In the report the attachment of wages in a number of foreign jurisdictions like the United States, England and Wales, Germany and certain African countries, was investigated and compared to the South African position. It was found that, unlike South Africa, all the other countries surveyed had some form of limitation on the amount that can be deducted in terms of the emoluments attachment order and that multiple deductions are either prohibited or strictly regulated.

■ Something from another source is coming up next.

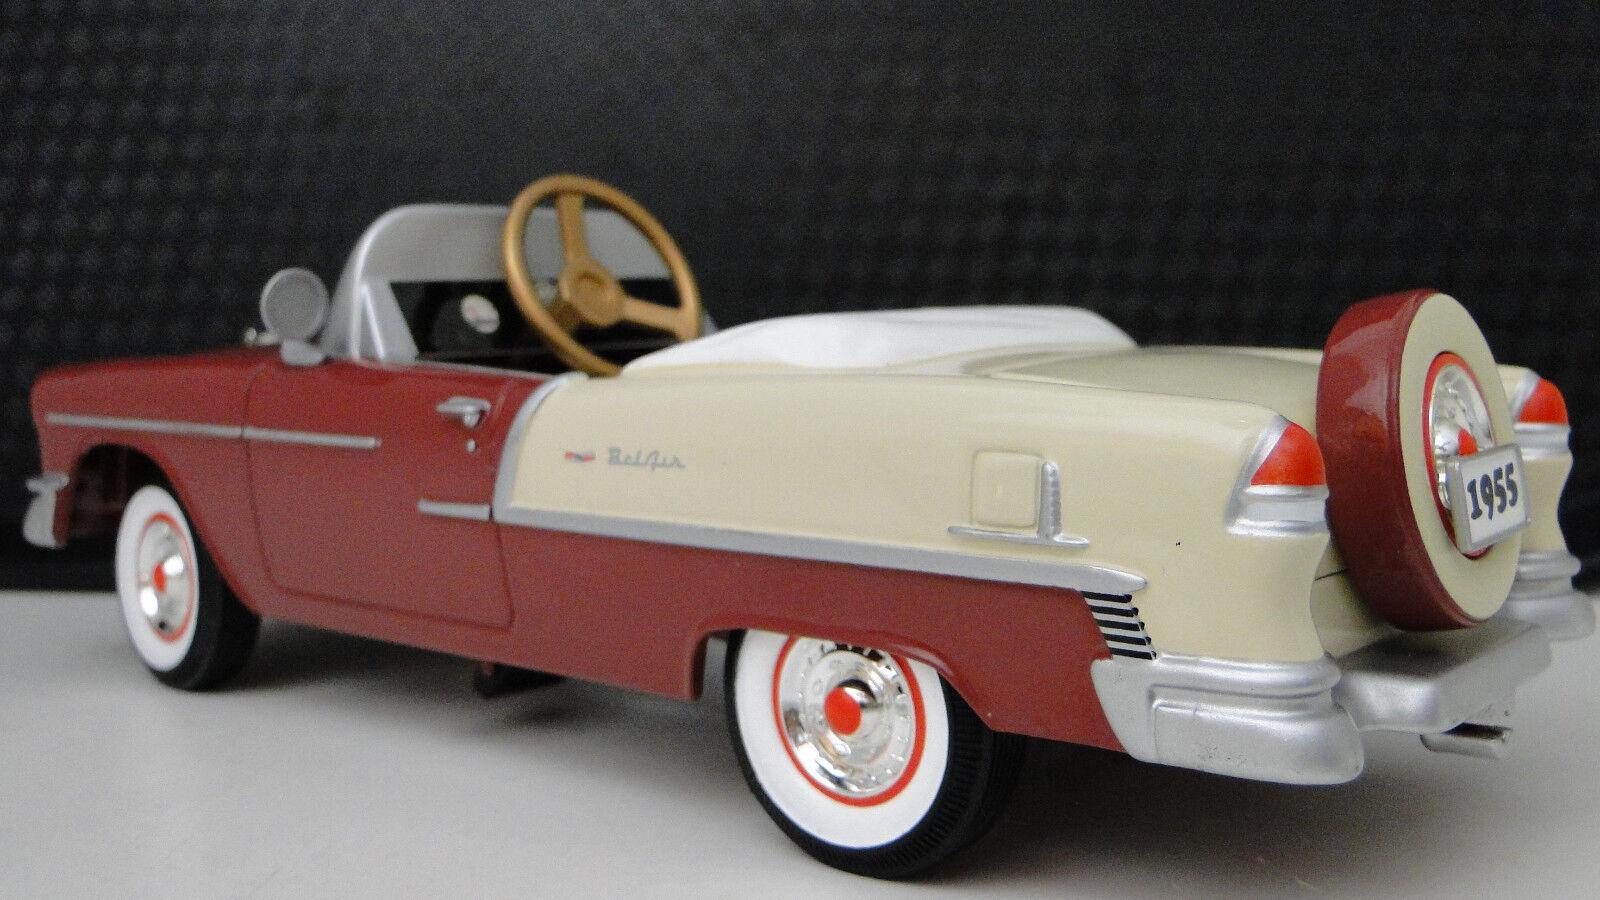 1955 Chevy Pedal bil årgång BelAir Metal samlaor 1957   UPPFYLLD BESKRIVNING

Irregularities and shortcomings in the emoluments attachment order process were also identified in the report. This includes:

  1. Uncertainty regarding the interpretation of jurisdiction and the in duplum rule and/or Section 103(5) of the National Credit Act;
  2. Lack of uniformity in the court processes followed by different Magistrates’ courts when granting orders which leads to forum shopping;
  3. Shortcomings in the statutory process with no provision for affordability tests;
  4. Irregular deductions affecting the repayment period, interest as well as costs charged;
  5. Payroll offices stopping deductions too soon or too late with costs and interest consequences;
  6. Fees being charged for statements of account whilst the Act provides for free statements of account to be delivered on reasonable request;
  7. Debtors paying instalments with no prospect of settlement resulting in debtors being caught in a debt spiral with no likelihood of rehabilitation;
  8. Lack of cap on amount that can be deducted resulting in employees being left without sufficient means for his own and his dependant’s maintenance;
  9. Charging of excessive fees, incorrect calculation of interest and outstanding balances, and non-admissible charges being levied;
  10. Granting of reckless credit and multiple deductions from employees’ salaries;
  11. 5% commission payable to employer paid by employee instead of credit provider;
  12. Fraud by clerks of court – currently court officials at two magistrate’s courts are under investigation for the issuing of fraudulent orders;
  13. Apportionment of payments not complying with Section 126 of National Credit Act.

Recommendations for the proper administration of emoluments attachment orders in the workplace are made in the report and particulars on agencies that could assist aggrieved consumers or employers are also given. The report will be released in the public domain at the end of November 2013.